→ **Exercise aim**
Down to the final line, write out the material beneath exactly, without pictures.

##### Available data #####

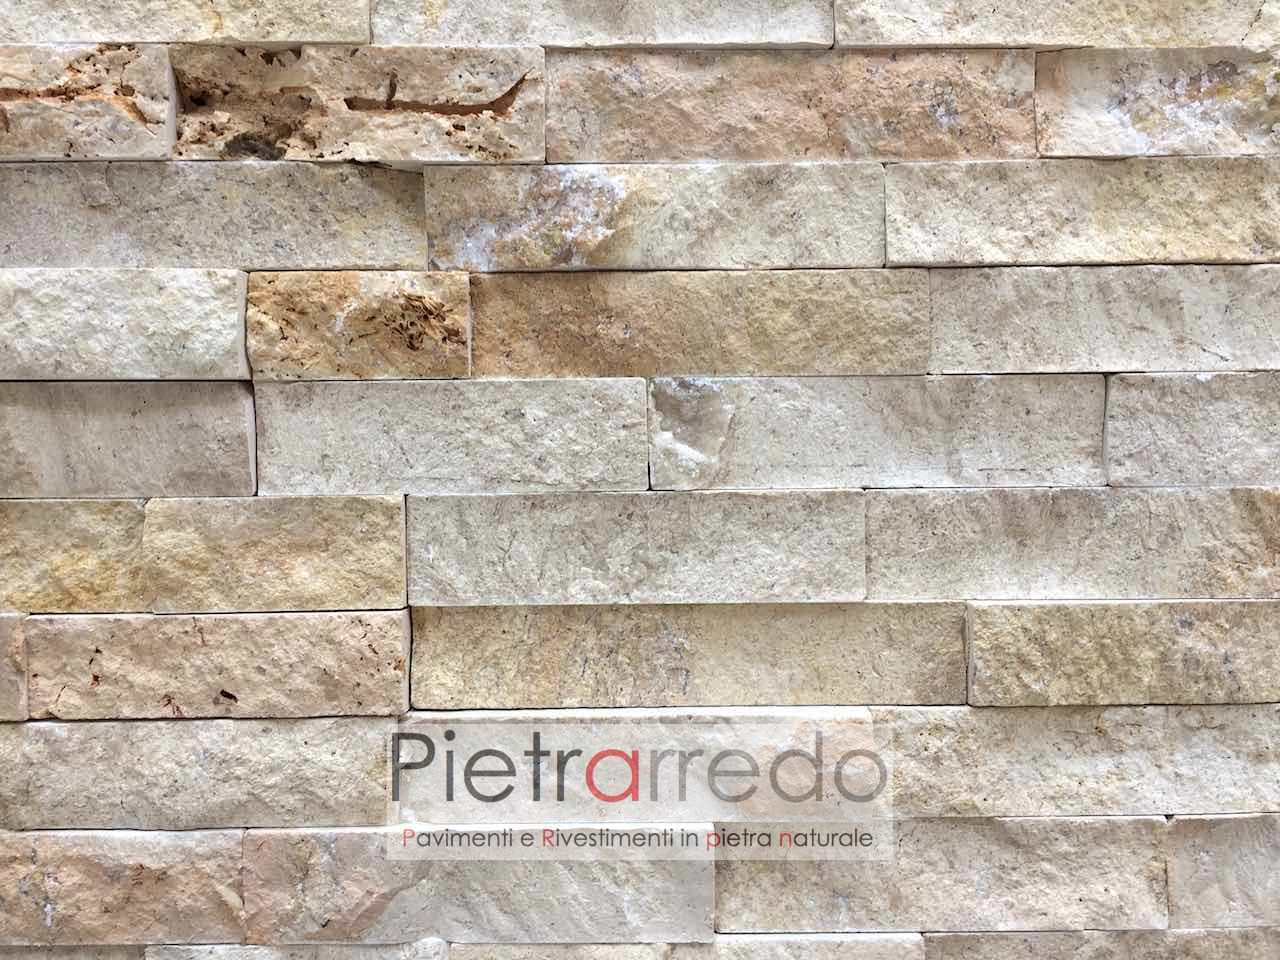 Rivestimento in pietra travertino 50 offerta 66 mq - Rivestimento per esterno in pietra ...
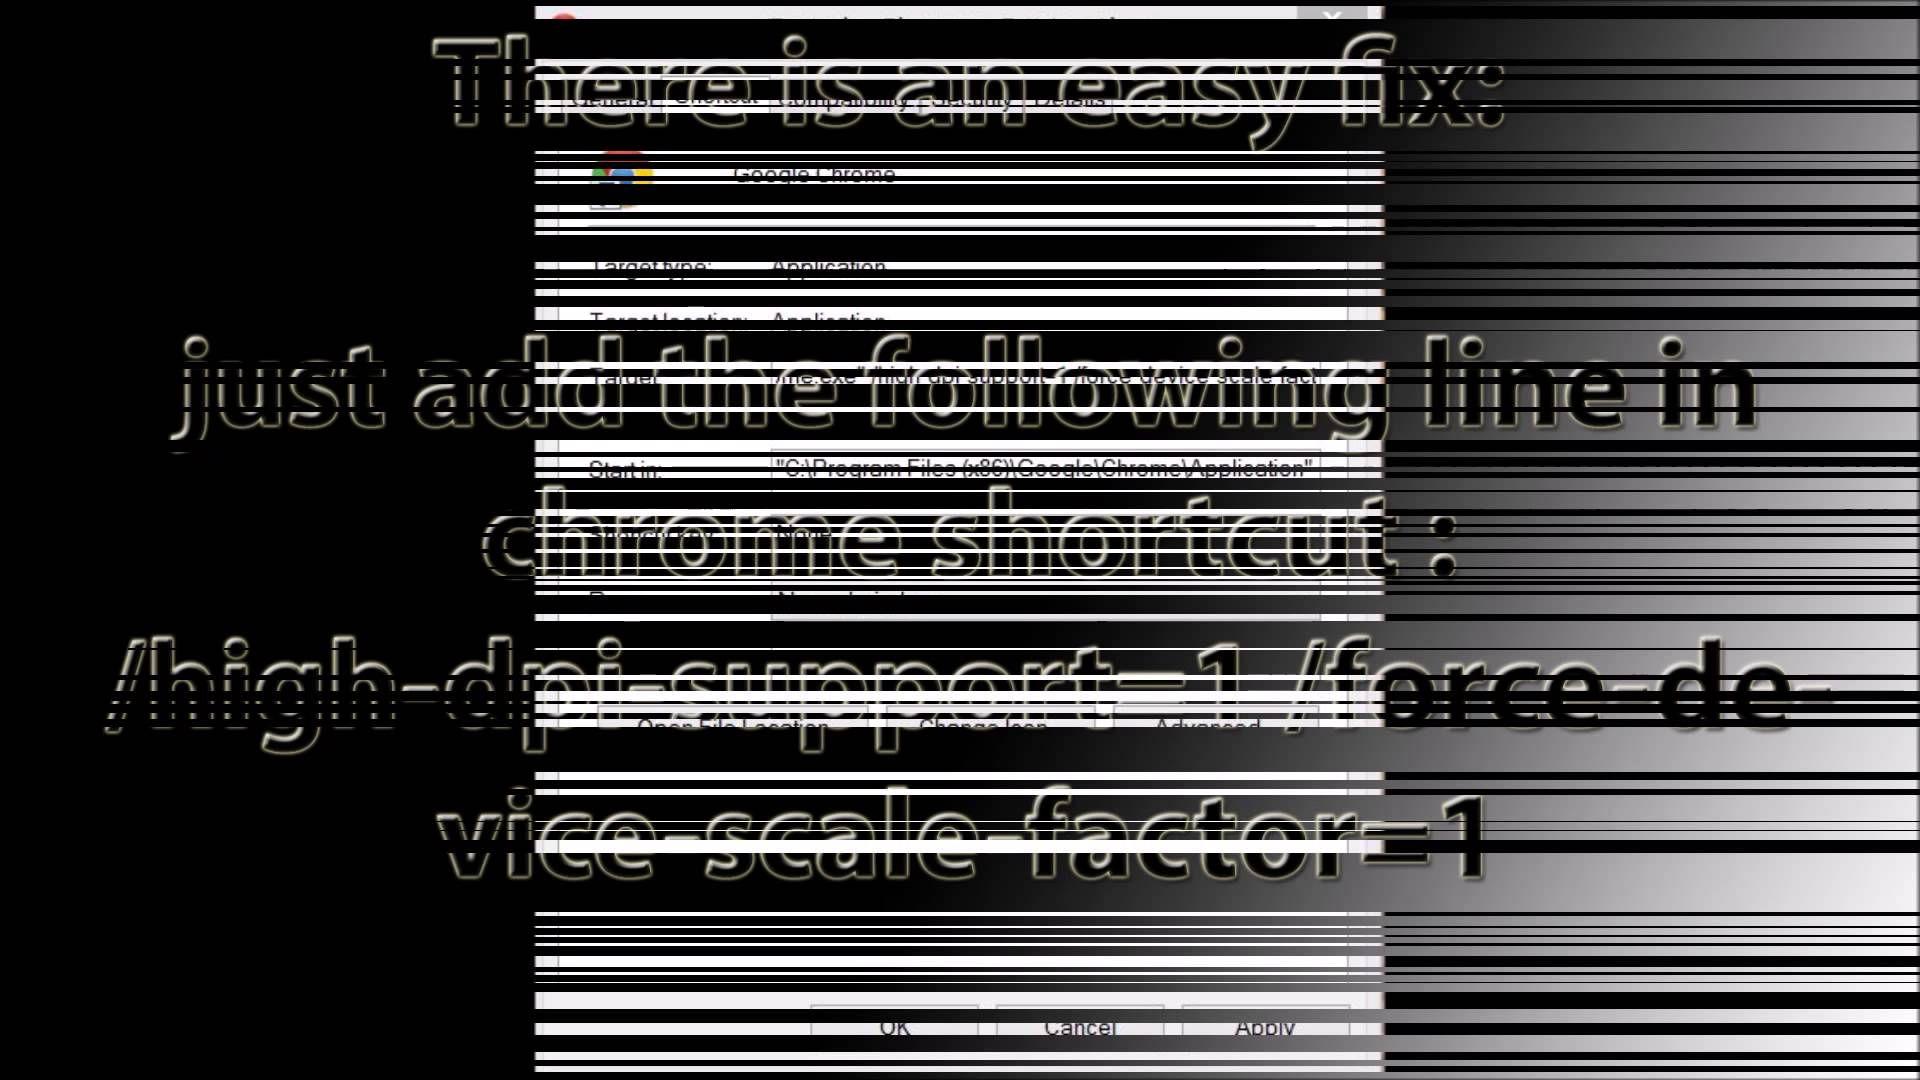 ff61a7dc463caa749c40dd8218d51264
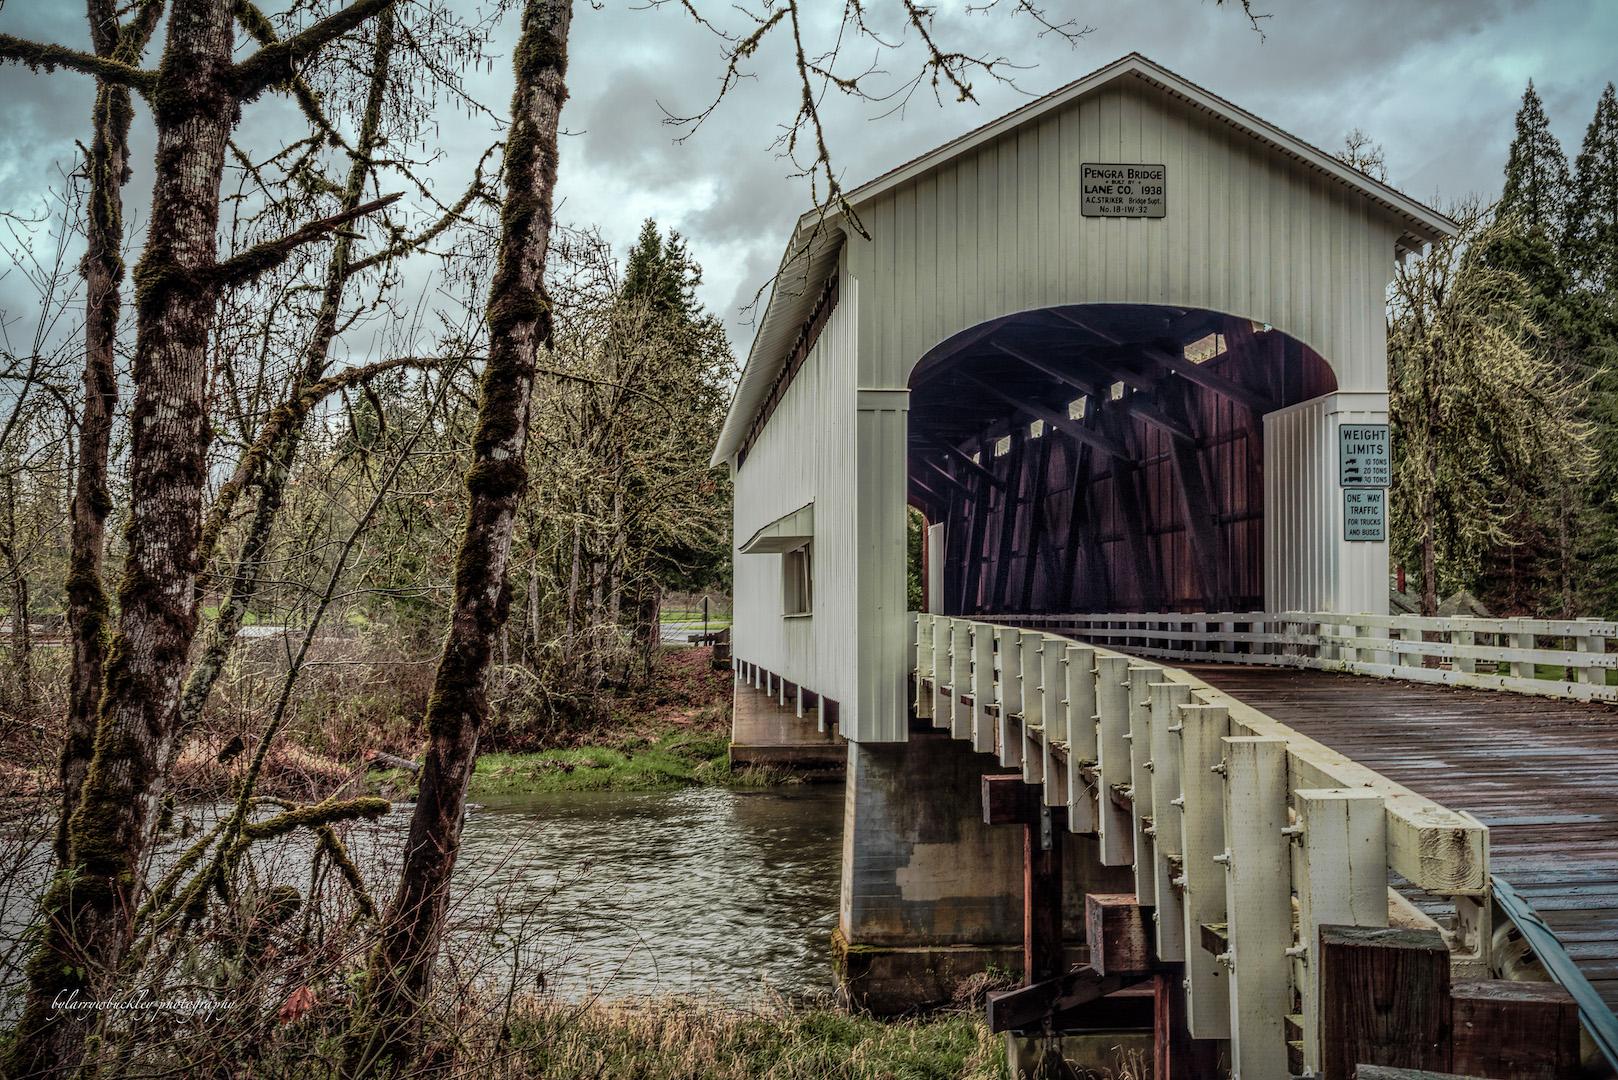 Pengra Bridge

#####

→ **Task response**
 Rivestimento in pietra travertino 50 offerta 66 mq - Rivestimento per esterno in pietra ...
 ff61a7dc463caa749c40dd8218d51264
 Pengra Bridge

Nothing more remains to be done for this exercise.